With the apparatus of the present invention, it is intended that the fluorine cassette requiring work is isolated electrically and by valve means insofar as the fluorine gas aspect is concerned, removed from the apparatus and transported, by truck for example, to a remote site where the required work is undertaken. However, a replacement fluorine cassette, held as a spare in store on-site, may be immediately installed in the apparatus. Thus, there are no time constraints on the time required for the removed cell to be brought operational again; the cell may be worked on at a site which is properly equipped for such work; no hazard is produced in respect of those people working at the plant from where the fluorine cassette was removed; and, there is no lost production time at the plant.
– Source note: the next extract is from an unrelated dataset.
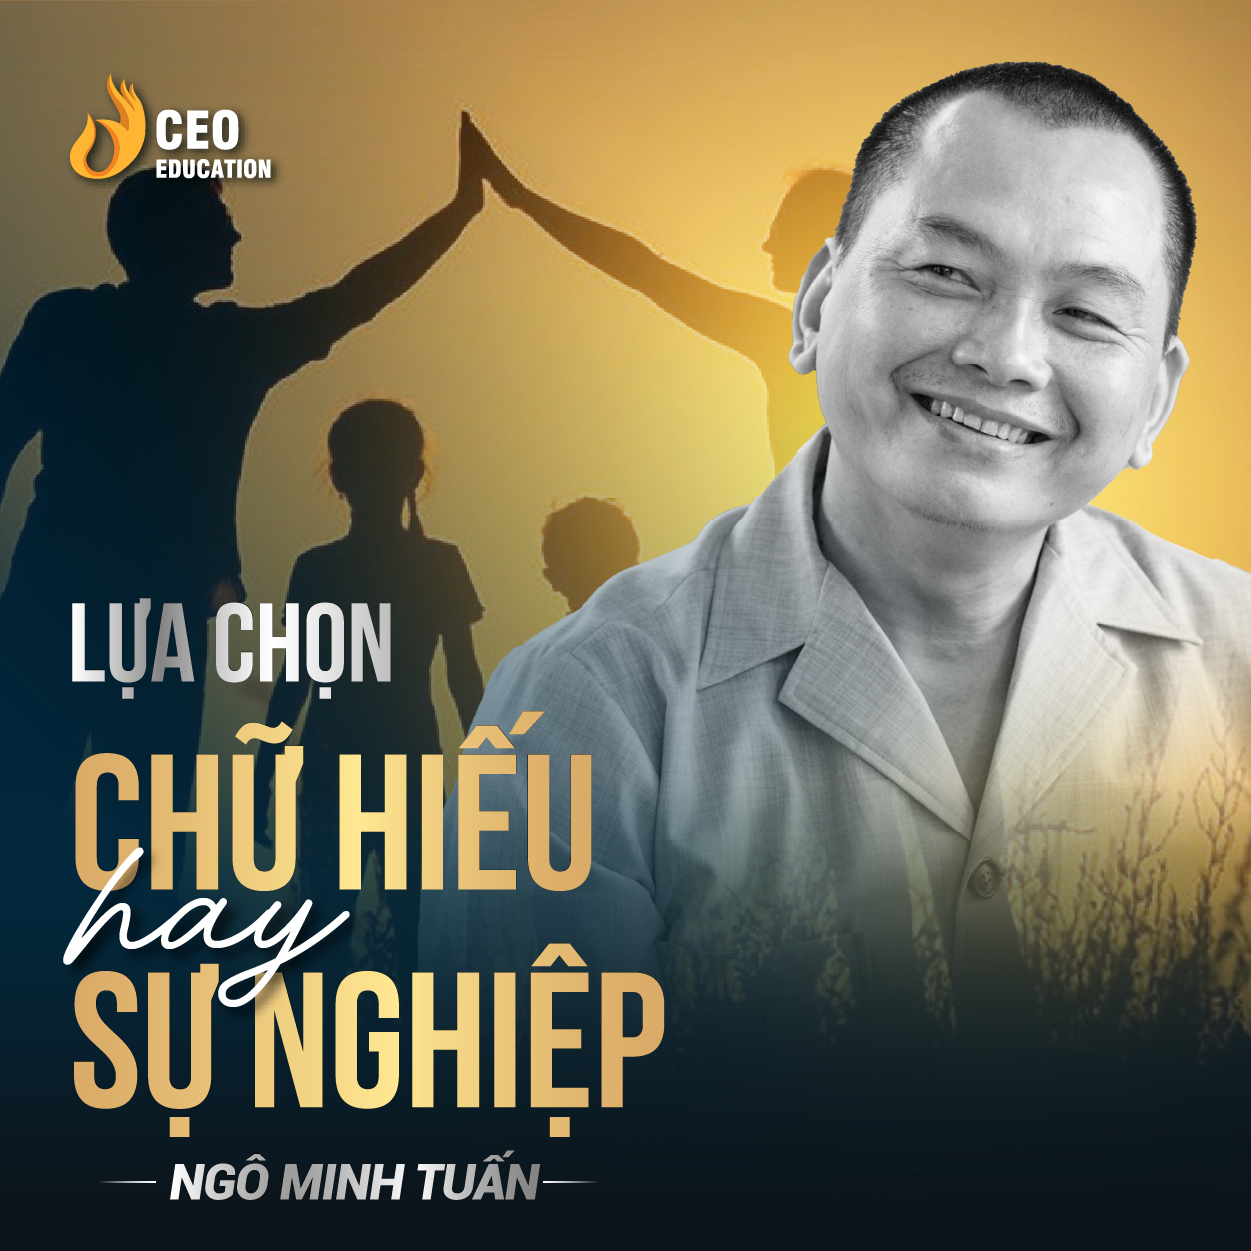 Lựa chọn chữ hiếu và sự nghiệp | Ngô Minh Tuấn | Học Viện CEO Việt Nam

The apparatus according to the present invention may be relatively small in terms of overall size. It may, for example, as noted hereinabove, approximate the size of a standard ISO container which are used internationally for shipping and transportation of many types of goods. Such containers have an overall size of about 2.44 m wide×2.44 m high×6.5 m long (or about 8′ wide×8′ high×20′ long in Imperial measurements). Thus, the fluorine generating apparatus of the present invention may have a small footprint and be easily situated in a convenient location within a customer's production plant.

The apparatus of the present invention comprises an integrated, self-contained fluorine generating plant which may be shipped as a unit by land or sea. The apparatus according to the present invention when based on an ISO type container may comprise up to three fluorine cassettes, at least one fluorine purification cassette and at least one fluorine compression and storage/buffer cassette.

One embodiment of the present invention comprises a fluorine generating apparatus having three fluorine cassettes, two fluorine purification cassettes, a fluorine compression and storage cassette and other associated equipment all enclosed within the outer dimensions of a standard ISO container. However, there is another aspect of shipping and that is the shipping of spare or replacement fluorine cassettes; a standard ISO container may accommodate up to eight fluorine cassettes based on a width of approximately 0.74 m, however, this is given as an example only as the individual fluorine cassettes may be constructed in a range of individual sizes. The cassettes of the apparatus of the present invention are self-contained shipping packages by virtue of their outer enclosure which is completely panelled making the cassette a sealed unit and needing no further packaging or protection for shipping.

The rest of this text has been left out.